WORK REQUEST -
The required output is the exact run of lines below that opens at the line with "Lot and His" and closes at the line with "WW1 Bottle of Cathartic Compound,U.S.P".

SOURCE RECORDS -

□ □ □

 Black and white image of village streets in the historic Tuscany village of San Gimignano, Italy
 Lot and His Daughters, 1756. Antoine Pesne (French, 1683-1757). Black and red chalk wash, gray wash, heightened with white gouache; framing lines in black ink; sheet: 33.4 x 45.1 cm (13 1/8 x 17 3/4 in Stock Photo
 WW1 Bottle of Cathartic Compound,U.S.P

□ □ □

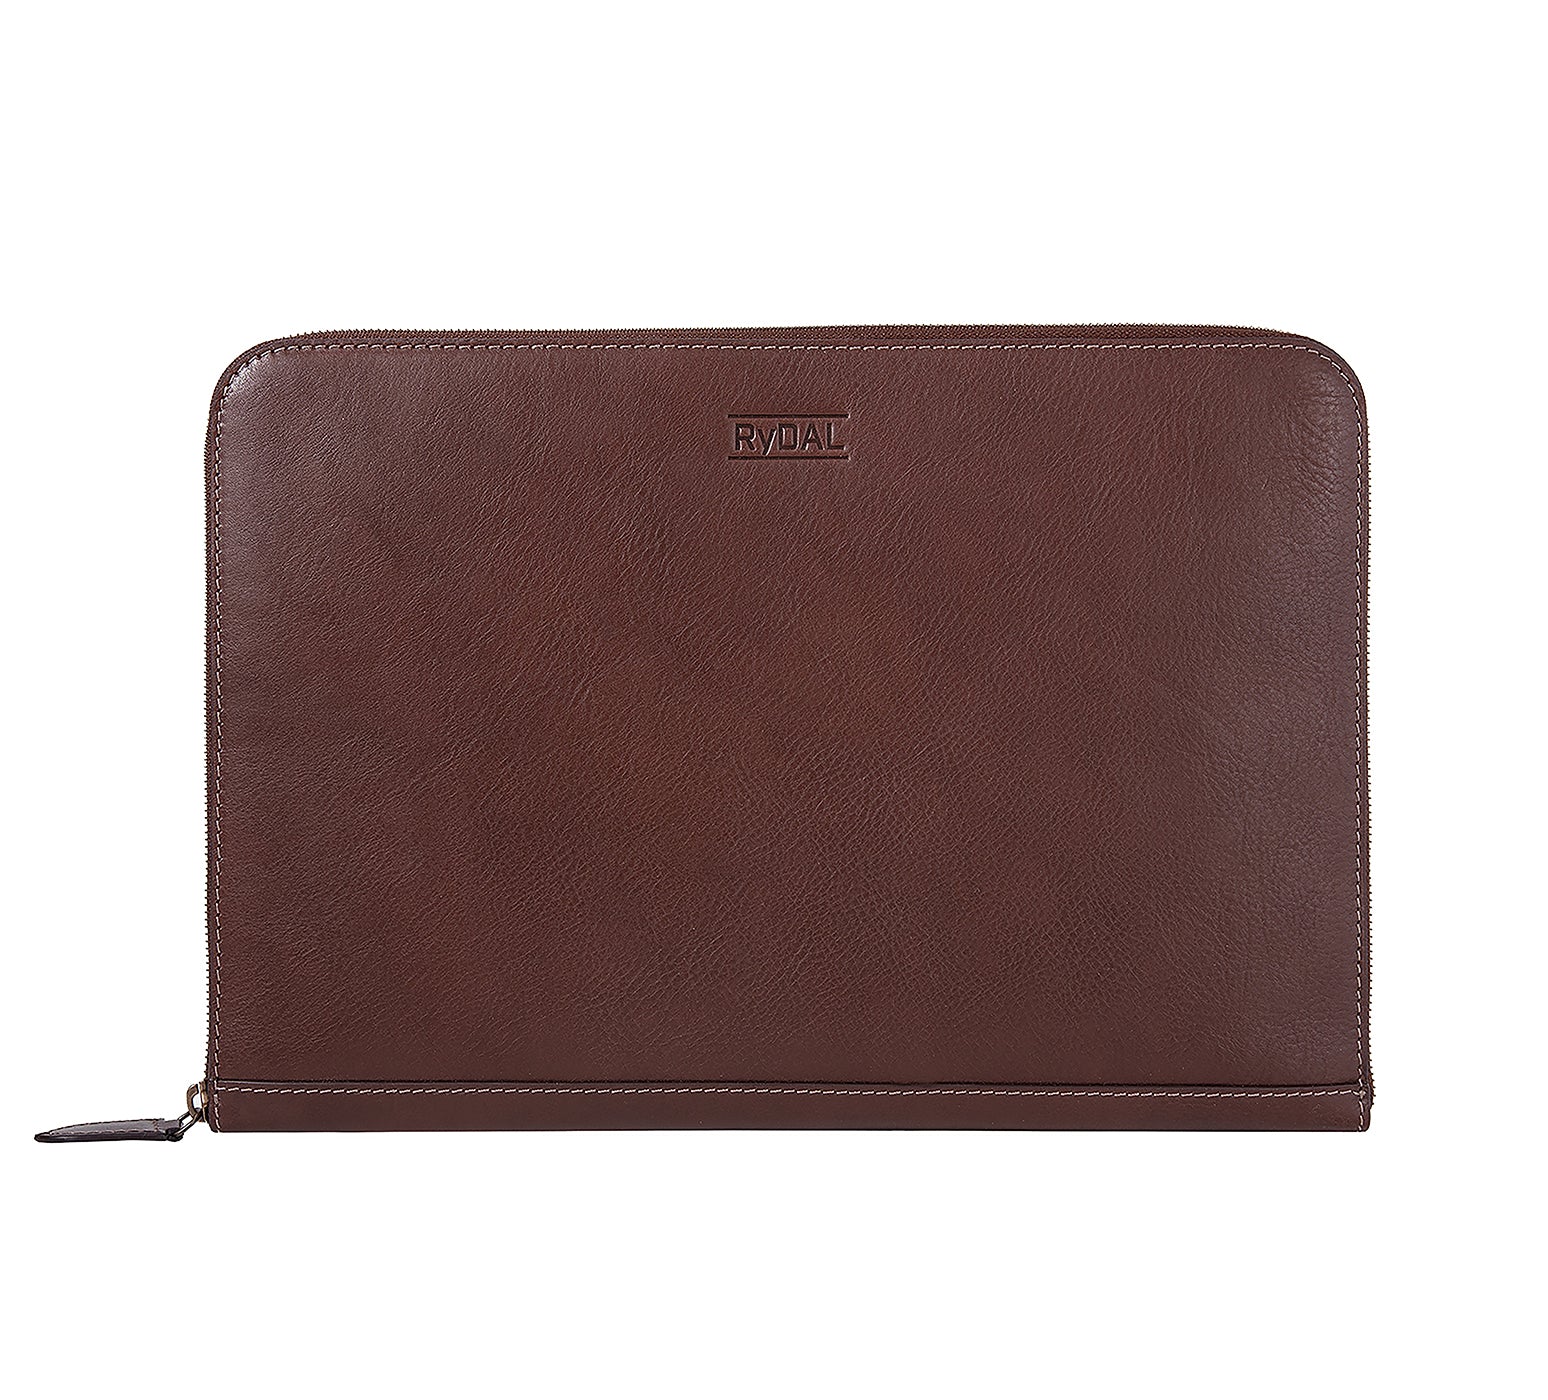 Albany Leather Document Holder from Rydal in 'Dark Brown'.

□ □ □

EXPECTED OUTPUT -
 Lot and His Daughters, 1756. Antoine Pesne (French, 1683-1757). Black and red chalk wash, gray wash, heightened with white gouache; framing lines in black ink; sheet: 33.4 x 45.1 cm (13 1/8 x 17 3/4 in Stock Photo
 WW1 Bottle of Cathartic Compound,U.S.P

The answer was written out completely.